Which stays consistent with the issues I had above.

Of course, there are ways around this, and we should be asking ourselves whether or not having the model respond with arbitrarily structured dictionaries with arbitrary amounts of keys is something that should be done. But it really is strange that it works with Lists (they will even respond with lists of arbitrary size with arbitrary objects if you don't specify what kind of list it is) and not with Dicts.

ethanglide commented 1 week ago

@eyurtsev what do you think about the above?

eyurtsev commented 1 week ago

The examples should be ai messages with tool calls not just content since you're using the tool calling API. Check the how to guides for tool calling (apologies on 📱 right now)

Should look like

System, human, ai, tool, human, ai, tool

Or else squeeze the examples into the system prompt

ethanglide commented 1 week ago

Thank you for the guidance, I haven't quite been able to make it work but I'm sure it is possible.

Program:

from typing import Dict
from pydantic import BaseModel
from langchain_openai import ChatOpenAI
from langchain_core.prompts import ChatPromptTemplate
from langchain_core.messages import HumanMessage, AIMessage, ToolMessage
from langchain_core.runnables import RunnablePassthrough

model = ChatOpenAI(model="gpt-4o-mini-2024-07-18", temperature=0.0)

class TestModel(BaseModel):
    output: Dict

structured_llm = model.with_structured_output(TestModel)

examples = [
    HumanMessage("What is the capital of France?"),
    AIMessage(
        '',
        name='geography_assistant',
        tool_calls=[
            {
                'name': 'TestModel',
                'args': {"capital": "Paris"},
                'id': '1'
            },
        ],
    ),
    ToolMessage({"output": {"capital": "Paris"}}, tool_call_id='1'),
    HumanMessage("What is the capital of Germany?"),
    AIMessage(
        '',
        name='geography_assistant',
        tool_calls=[
            {
                'name': 'TestModel',
                'args': {"capital": "Berlin"},
                'id': '2'
            },
        ],
    ),
    ToolMessage({"output": {"capital": "Berlin"}}, tool_call_id='2'),
    HumanMessage("What is the capital of Italy?"),
    AIMessage(
        '',
        name='geography_assistant',
        tool_calls=[
            {
                'name': 'TestModel',
                'args': {"capital": "Rome"},
                'id': '3'
            },
        ],
    ),
    ToolMessage({"output": {"capital": "Rome"}}, tool_call_id='3'),
]

final_prompt = ChatPromptTemplate.from_messages(
    [
        ("system", "You are a geography expert."),
        *examples,
        ("human", "{input}"),
    ]
)

chain = {'input': RunnablePassthrough()} | final_prompt | structured_llm

response = chain.invoke('What is the capital of Lithuania?')
print(response)

Output:

pydantic_core._pydantic_core.ValidationError: 1 validation error for TestModel
output
  Field required [type=missing, input_value={'capital': 'Vilnius'}, input_type=dict]

As you can see dicts are now being input to the tool which is great.

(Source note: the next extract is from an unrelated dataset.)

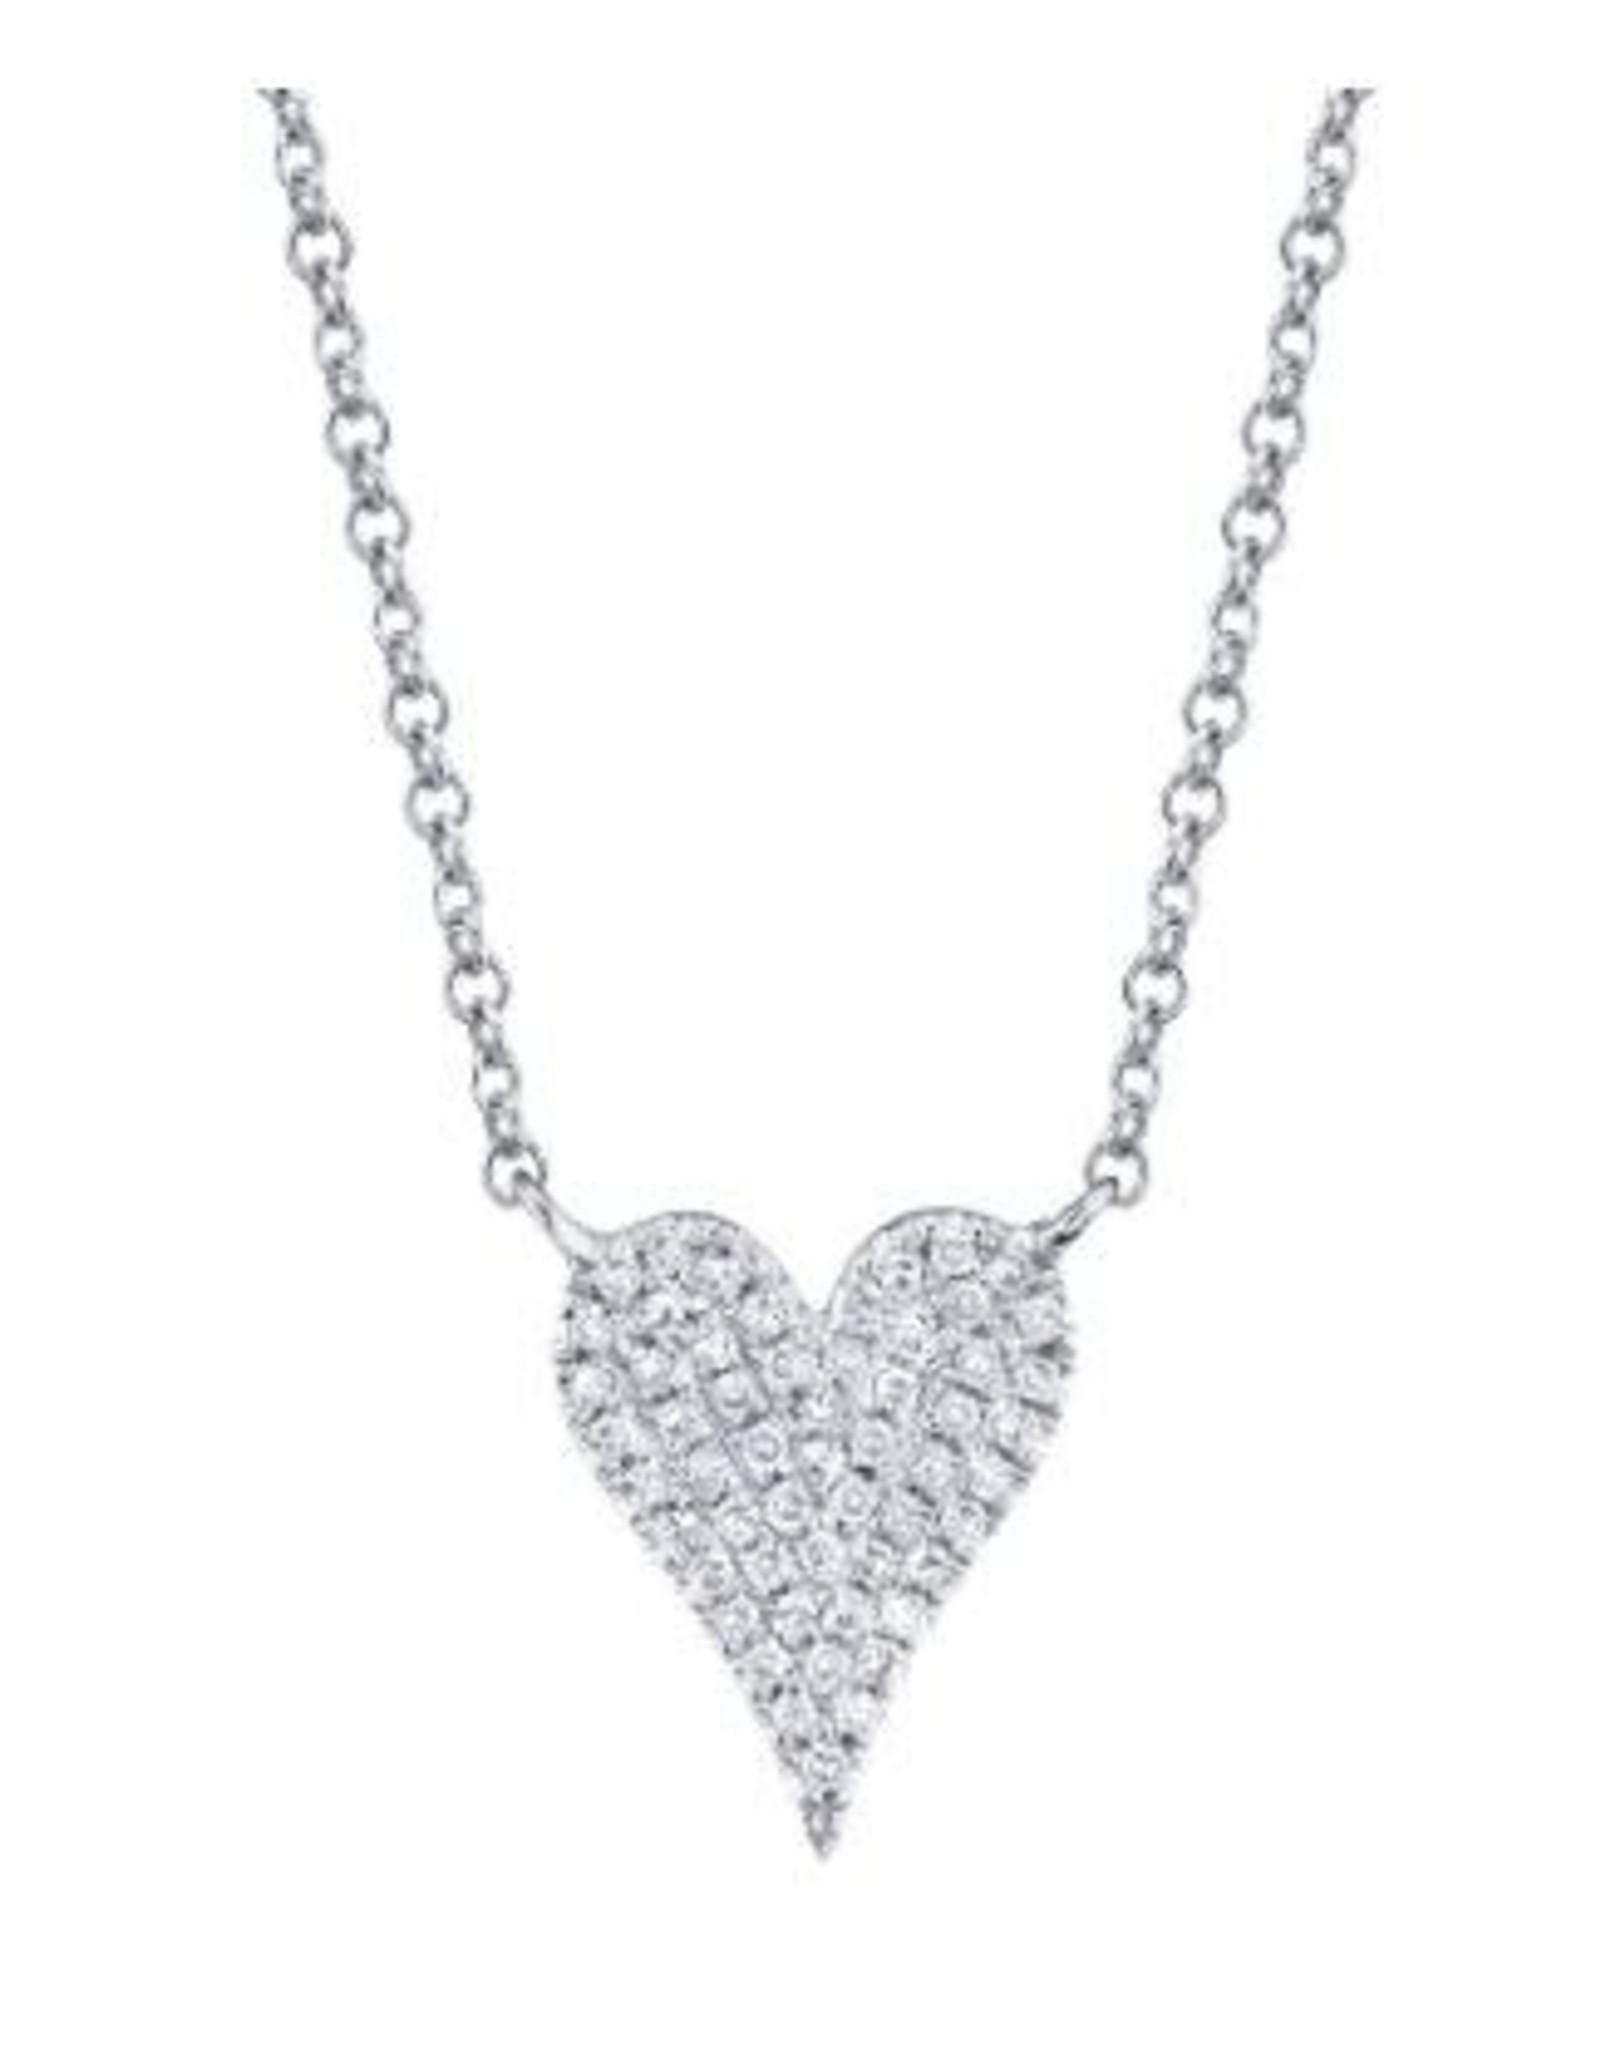 14K W/G Petite Diamond Heart, D: 0.11ct
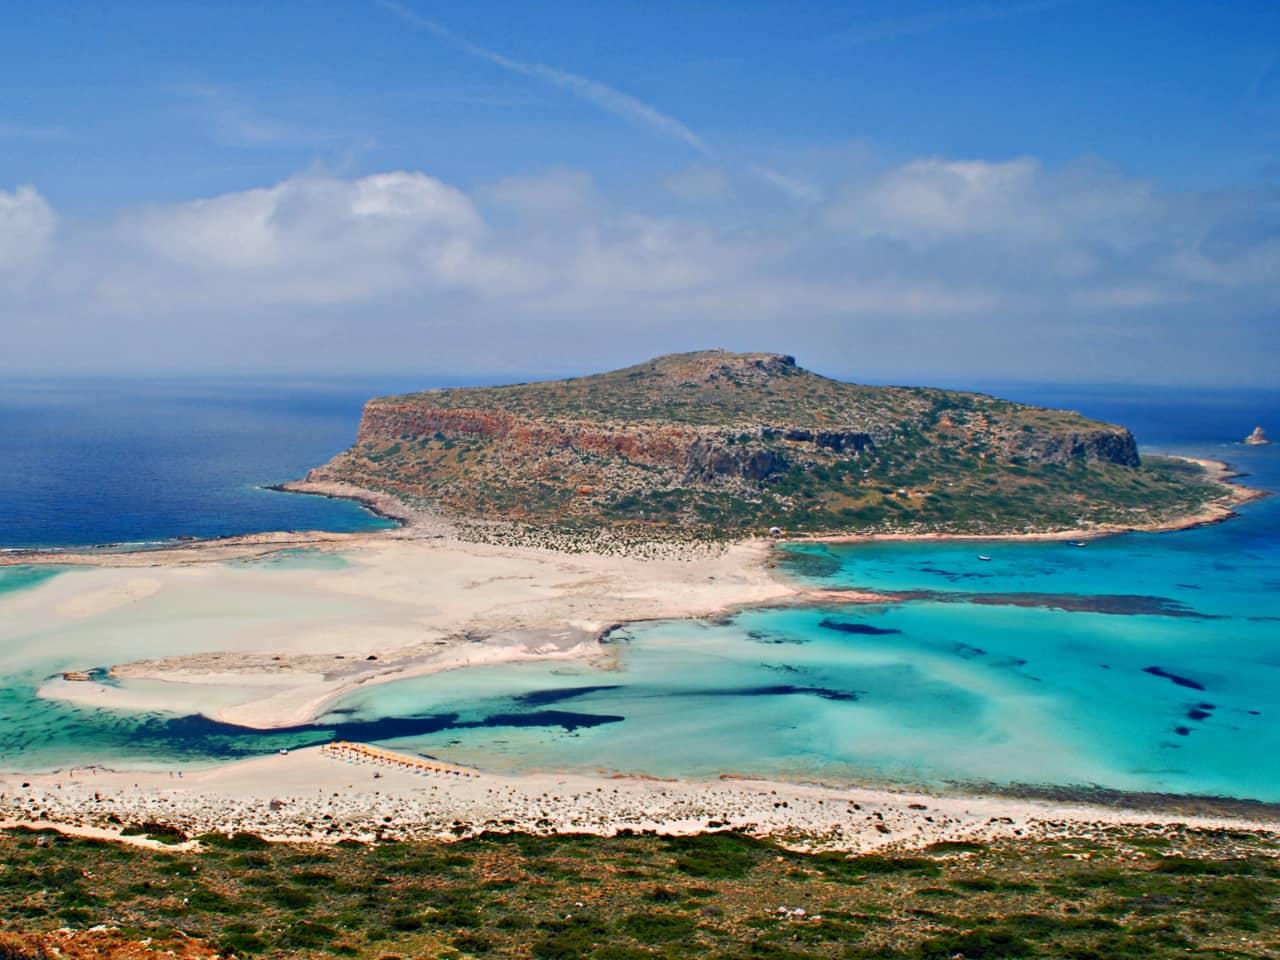 Private Speedboat Charter to Balos Lagoon Gramvousa Island, best speedboat tours chania crete, best boat trip to gramvousa balos lagoon, best activities chania crete

Its not what I need but I am sure that with enough toying around and using a more real-world example I would be able to make this work. But the whole problem is just that you are not able to simply put Dict as the type and call it a day, the model will not respond with arbitrary objects it will try to just pass strings. Up to you to determine whether or not that is a real issue, I doubt it would get in the way of anyone's development.